Она идет быстрыми шагами в опочивальню. И пока девушки раздевают ее и убирают ей на ночь волосы, в ее голове немолчно и непрестанно звенит, звучит, поет, заливается присвистом, бубном рекочет давно слышанная песня солдатская:
– Солдатушки, бравы ребятушки,Кто вам краше света?– Краше света нам Елизавета,Во-от кто краше света!!VII
Народ… Тогда это не было нечто самодовлеющее, грозное, громадное, миллионоголосое и всеобъемлющее.
Народ – крестьяне, рабочие, духовенство, купцы, ремесленники, чиновники, бояре-вельможи, именитое дворянство.
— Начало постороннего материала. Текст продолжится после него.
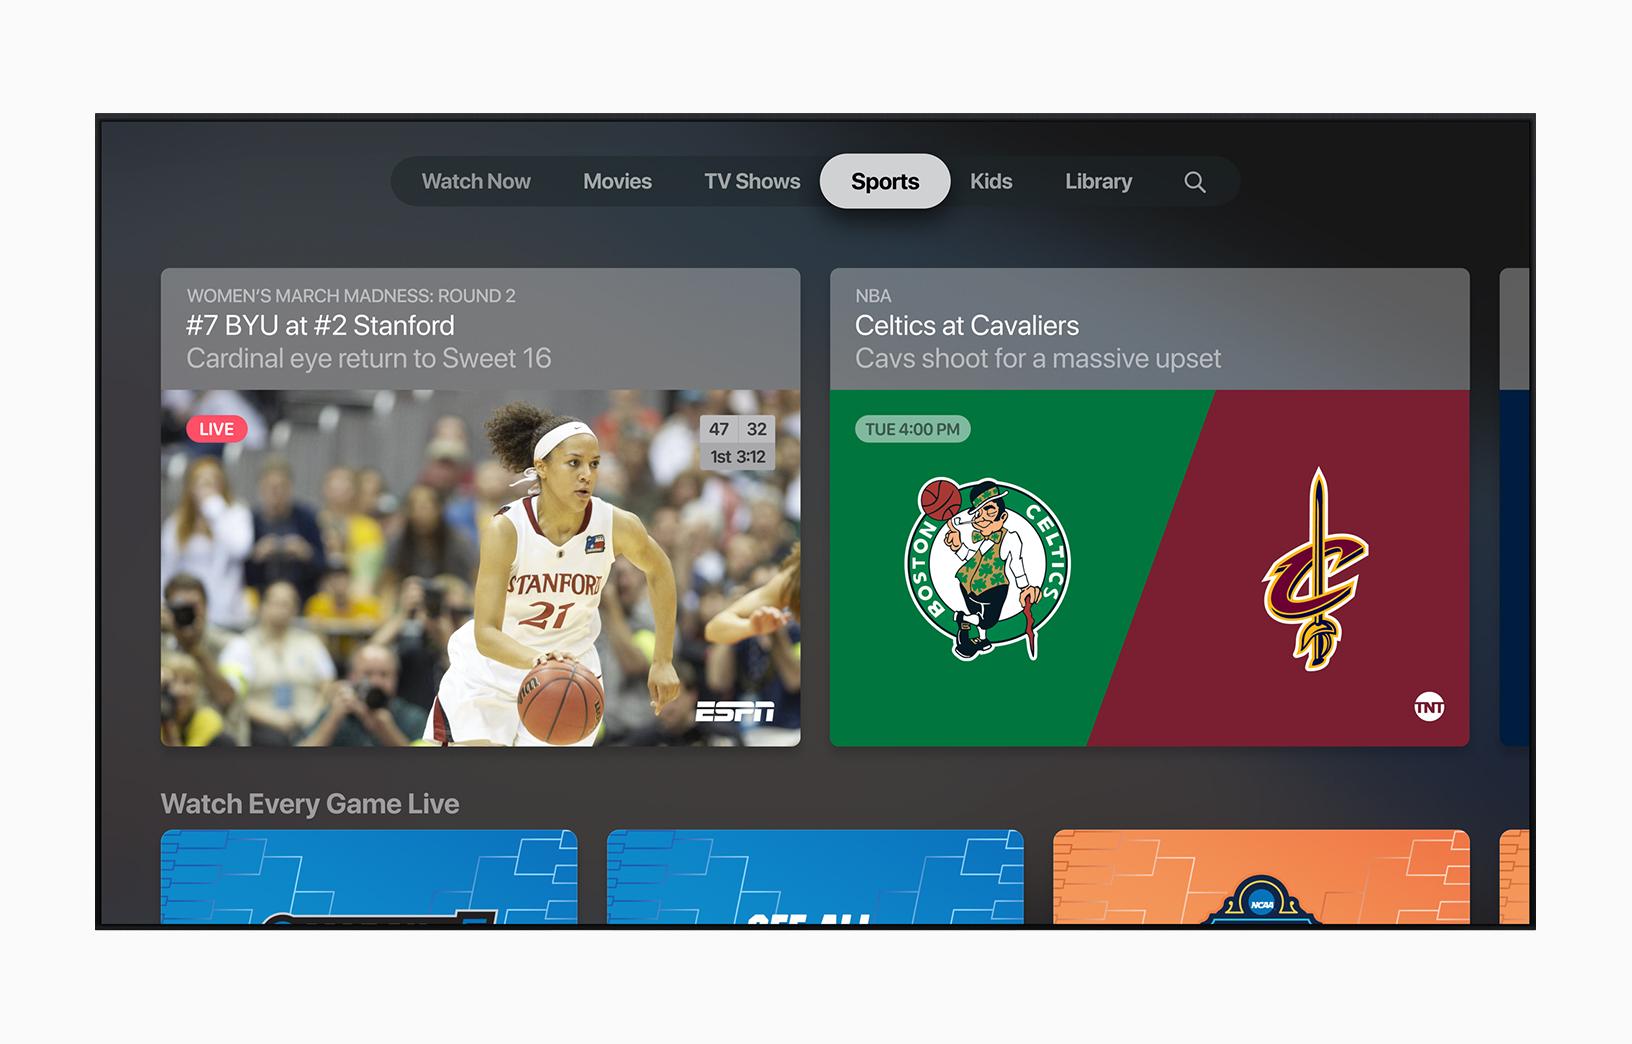 Apple_TV_app_sports-screen_032519.jpg

Крестьяне были рабами, крепостными слугами своих господ, из их воли не выходящими. В рабской своей доле они ничего, кроме работы, не знали. В глухих деревнях, ничем не связанных с городами и со столицами, что могли они знать о том, что делается на белом свете? Они вели полускотскую жизнь. В маленьких бревенчатых избах, крытых тесом, а где и соломой, – на севере, в глинобитных мазанках, крытых соломой, – на юге, курных и тесных, они задыхались в вони и грязи, жили вместе с курами, телятами и поросятами, разъедаемые насекомыми, жили по пословице: «День да ночь – сутки прочь…» В детском возрасте хворали и умирали десятками, да зато десятками с лишним и рождались – непрерывно увеличивалось и росло население государства Российского. Те, кто выживал совершенно неожиданно и непонятно как, вопреки всем требованиям гигиены, вдруг становились крепкими и сильными и проживали долгий век, жили до восьмидесяти, до ста лет. Над ними стояли старосты, бурмистры и сами господа. Сколько было крестьян? Как звали крестьян? Мало кто этим интересовался. Многие и фамилий не имели – писались «господ таких-то», имели только клички и прозвища. С российской государственной жизнью их связывала церковь. В ней за ектениями и при выносе Святых Даров поминали государей, в ней с амвона вычитывали торжественным, тугим и непонятным языком написанные манифесты, и по ним – и далеко не все – знали в деревнях, кто ныне царствует в земле Российской. Крестьянам это было все равно. Они хорошо усвоили, что «до Бога высоко, до царя далеко»… Еще на юге, в необъятных степях, где своей обособленной вольной жизнью жили малороссийские и донские казаки, куда приходили беглые из России и несли протест против порядка государственного, говорили и судили о власти. Там всегда было напряженно от слухов, и свои имена там были дороги и памятны. Имена тех, кто алым пламенем пожара покрывал землю ради «земли и воли». Там особо помнили Стеньку Разина и Кондрашку Булавина, помнили, как лютыми казнями казнил разбойников Алексей Михайлович и как бежал и застрелился донской атаман Булавин при Петре Алексеевиче. Крестьяне, хотя их и было большинство в государстве Российском и насчитывалось до двадцати миллионов, не были тем народом, с которым надо было считаться и который мог управлять судьбами российскими. Они были способны только в редких случаях подняться, чтобы «потрясти Москвою» и пожарами и грабежами опустошить и без того небогатую, обнищалую деревенскую Русь.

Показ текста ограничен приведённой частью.